Source code for feste.scheduler

# This module contains modified code from Dask which is
# licensed under BSD 3-Clause License for the following holder:
# Copyright (c) 2014, Anaconda, Inc. and contributors.

from __future__ import annotations

import multiprocessing
import multiprocessing.pool
import os
from collections.abc import Hashable, Mapping, Sequence
from concurrent.futures import ProcessPoolExecutor
from functools import partial
from queue import Queue
from warnings import warn

from dask import config
from dask.callbacks import local_callbacks, unpack_callbacks
from dask.core import _execute_task, flatten, get_dependencies
from dask.local import (MultiprocessingPoolExecutor, batch_execute_tasks,
                        default_get_id, default_pack_exception, finish_task,
                        identity, nested_get, queue_get, start_state_from_dask)
from dask.multiprocessing import (_dumps, _loads, _process_get_id, get_context,
                                  initialize_worker_process, pack_exception,
                                  reraise)
from dask.optimization import cull, fuse
from dask.order import order
from dask.system import CPU_COUNT
from dask.utils import ensure_dict

from feste import context


[docs]def get_async(submit, num_workers, dsk, result, cache=None,  # type: ignore
              get_id=default_get_id, rerun_exceptions_locally=None,
              pack_exception=default_pack_exception, raise_exception=reraise,
              callbacks=None, dumps=identity, loads=identity, chunksize=None,
              **kwargs):
    """This is mostly Dask's get_async with changes to introduce optimization
    during execution, with batching being an example."""
    chunksize = chunksize or context.get("multiprocessing.chunk_size")

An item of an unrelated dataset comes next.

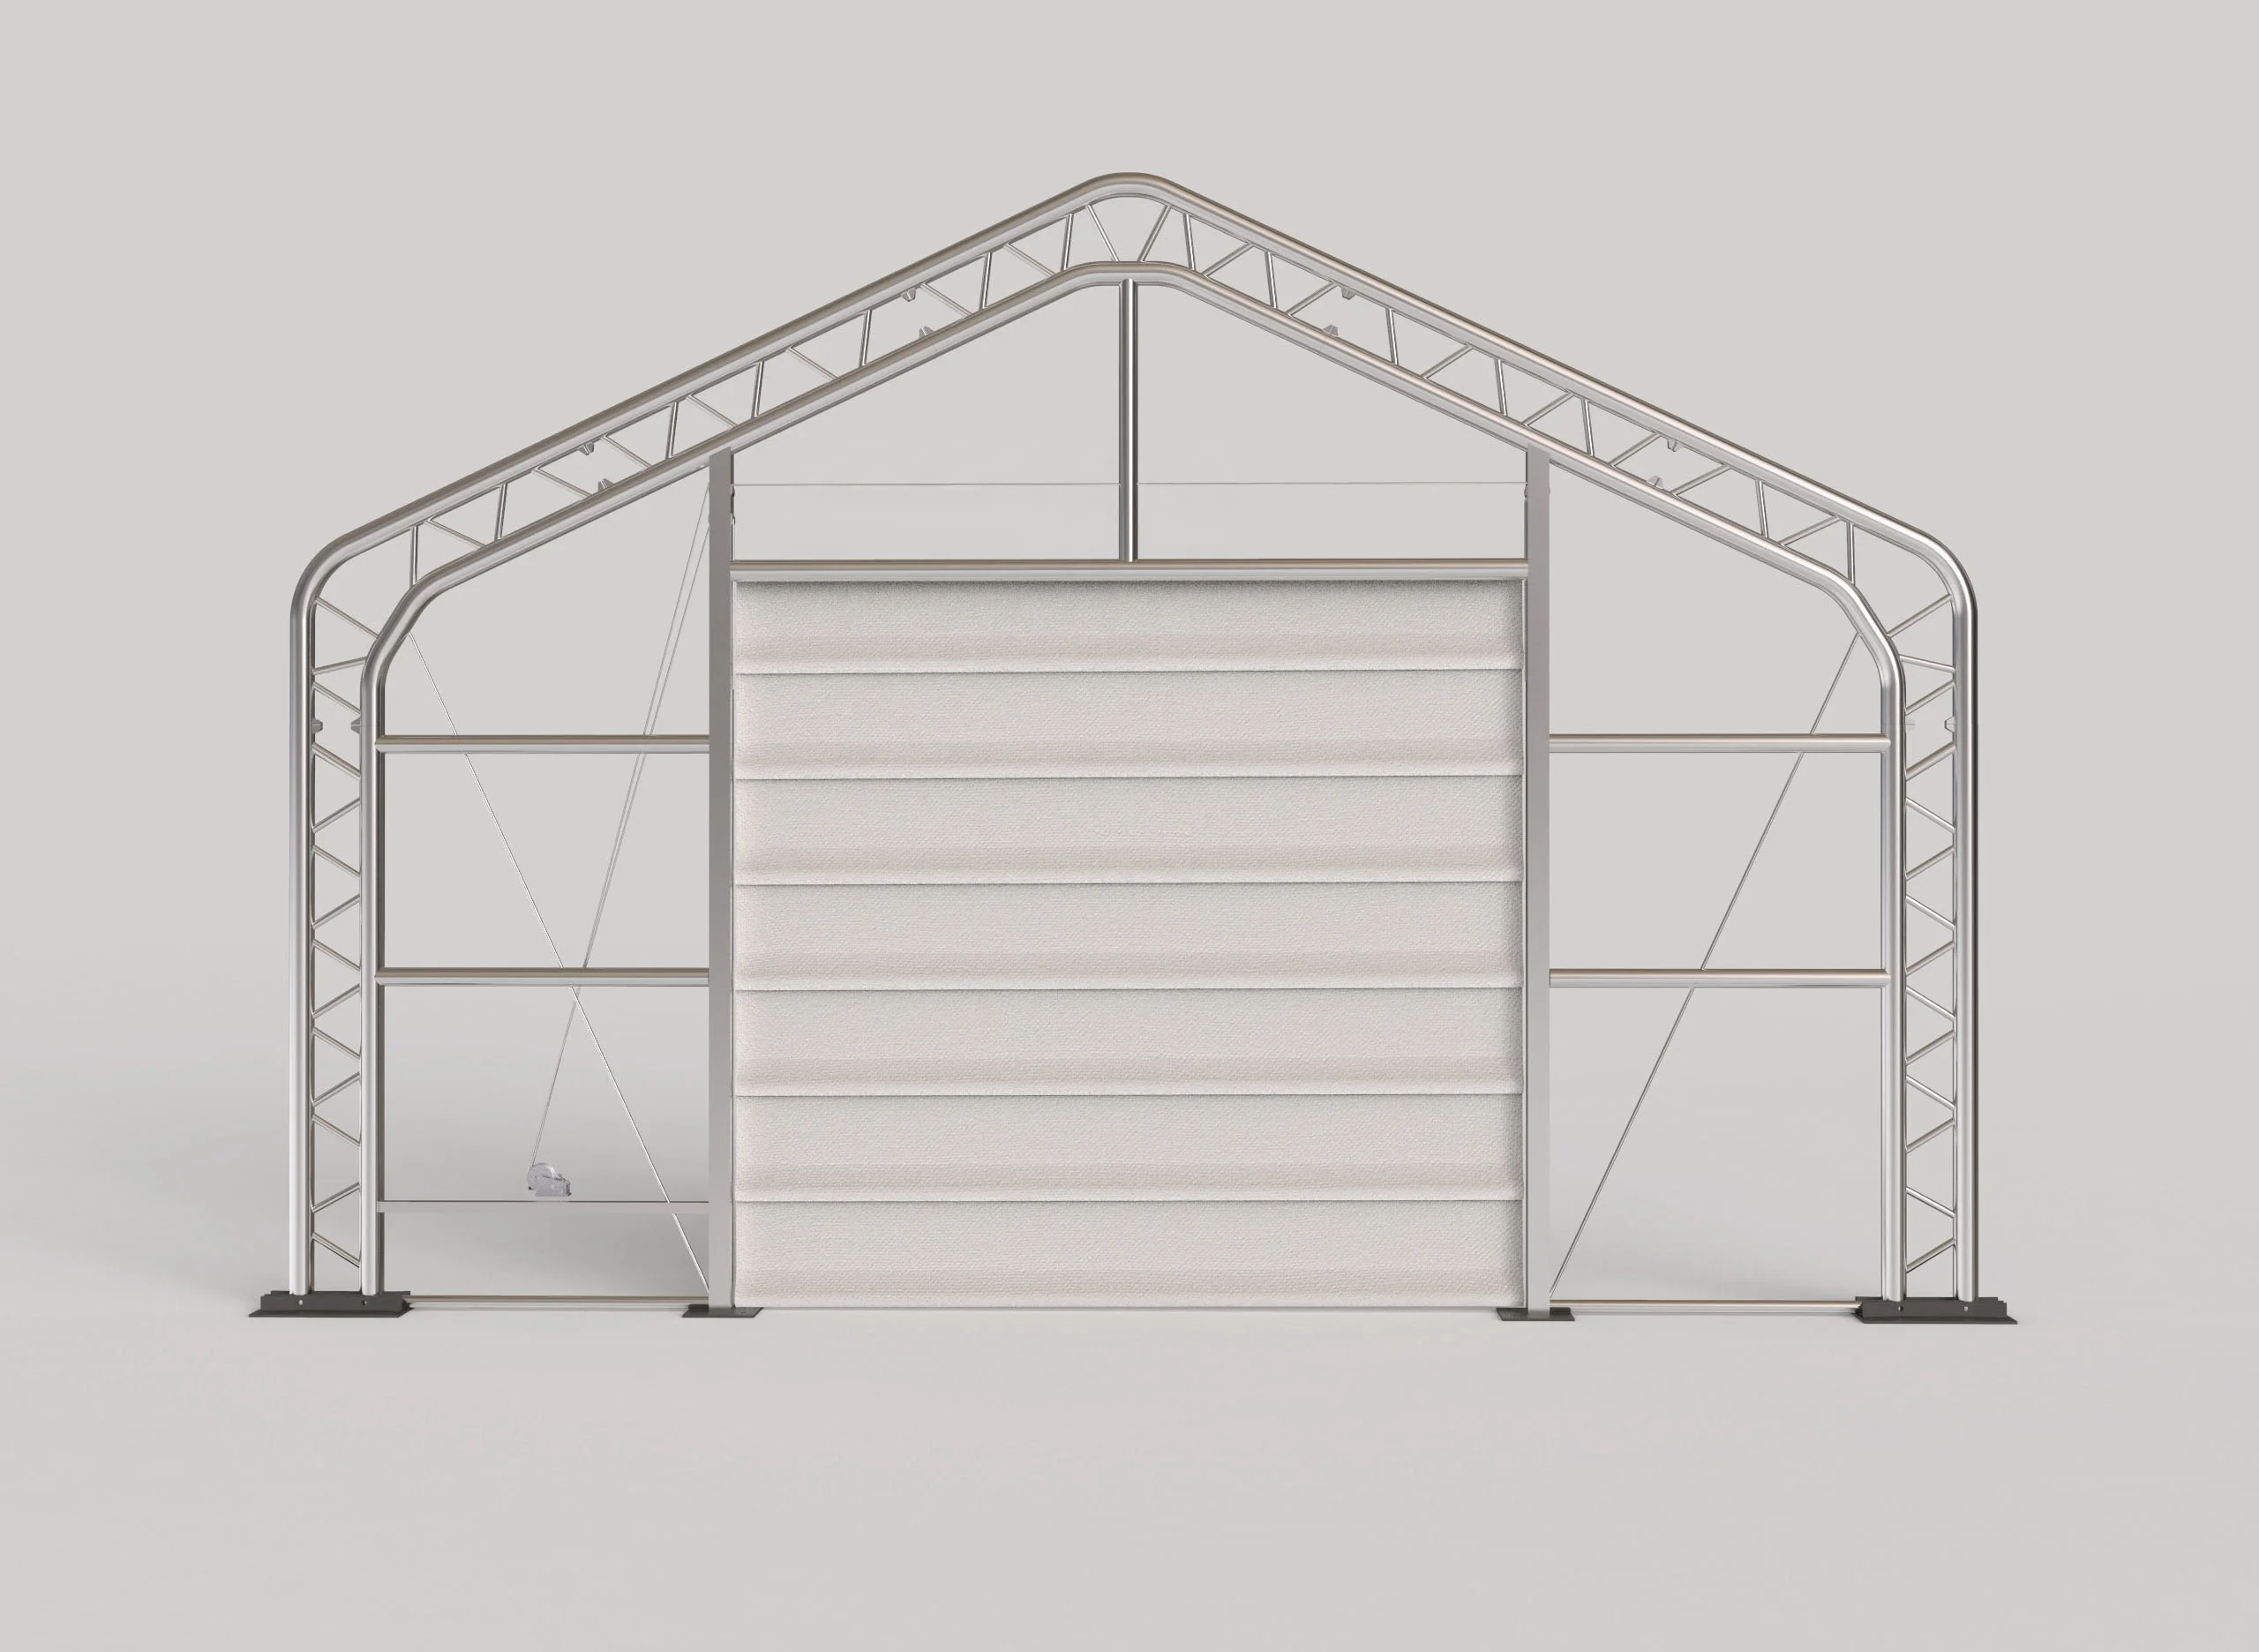 PVC workshop industrial fabric tent shade structure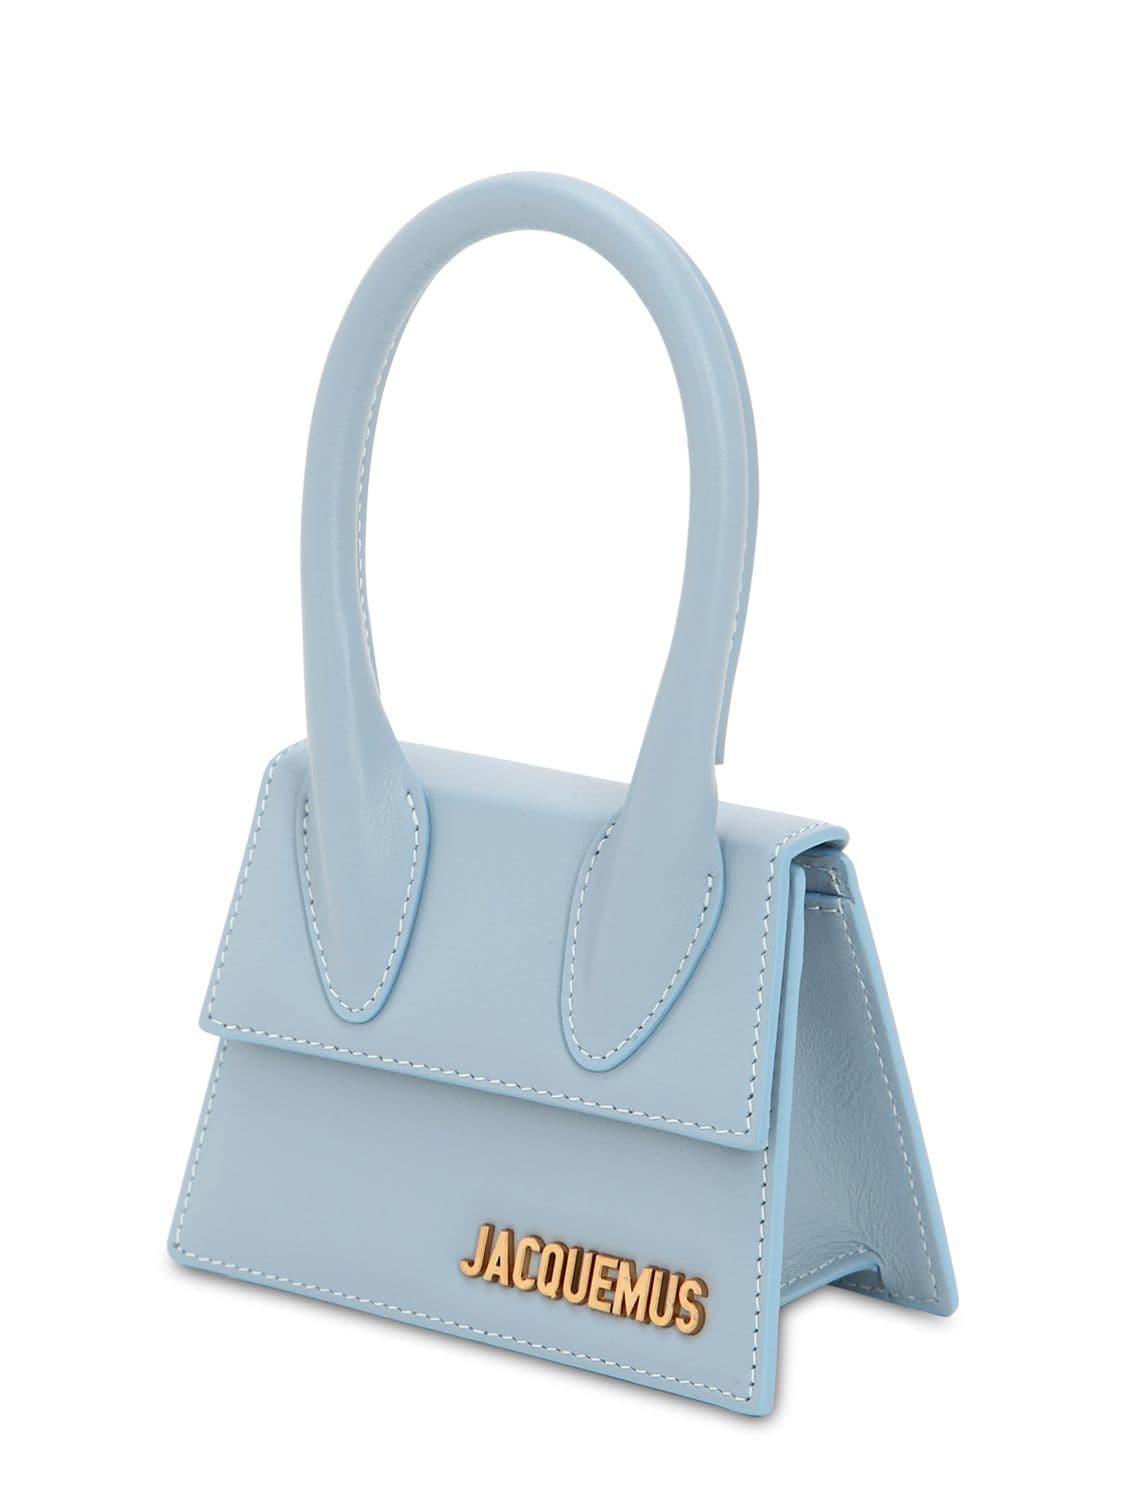 Jacquemus Le Chiquito Leather Bag in Light Blue (Blue) - Lyst

    queue: Queue = Queue()

    if isinstance(result, list):
        result_flat = set(flatten(result))
    else:
        result_flat = {result}
    results = set(result_flat)

    dsk = dict(dsk)
    with local_callbacks(callbacks) as callbacks:
        _, _, pretask_cbs, posttask_cbs, _ = unpack_callbacks(callbacks)
        started_cbs = []
        succeeded = False
        # if start_state_from_dask fails, we will have something
        # to pass to the final block.
        state = {}
        try:
            for cb in callbacks:
                if cb[0]:
                    cb[0](dsk)
                started_cbs.append(cb)

            keyorder = order(dsk)

            state = start_state_from_dask(dsk, cache=cache, sortkey=keyorder.get)

            for _, start_state, _, _, _ in callbacks:
                if start_state:
                    start_state(dsk, state)

            if rerun_exceptions_locally is None:
                rerun_exceptions_locally = \
                    context.get("multiprocessing.rerun_exceptions_locally")

            if state["waiting"] and not state["ready"]:
                raise ValueError("Found no accessible jobs in dask")

            def fire_tasks(chunksize: int) -> None:
                """Fire off a task to the thread pool"""
                # Determine chunksize and/or number of tasks to submit
                nready = len(state["ready"])
                if chunksize == -1:
                    ntasks = nready
                    chunksize = -(ntasks // -num_workers)
                else:
                    used_workers = -(len(state["running"]) // -chunksize)
                    avail_workers = max(num_workers - used_workers, 0)
                    ntasks = min(nready, chunksize * avail_workers)

                # Prep all ready tasks for submission
                args = []
                for _ in range(ntasks):
                    # Get the next task to compute (most recently added)
                    key = state["ready"].pop()
                    # Notify task is running
                    state["running"].add(key)
                    for f in pretask_cbs:
                        f(key, dsk, state)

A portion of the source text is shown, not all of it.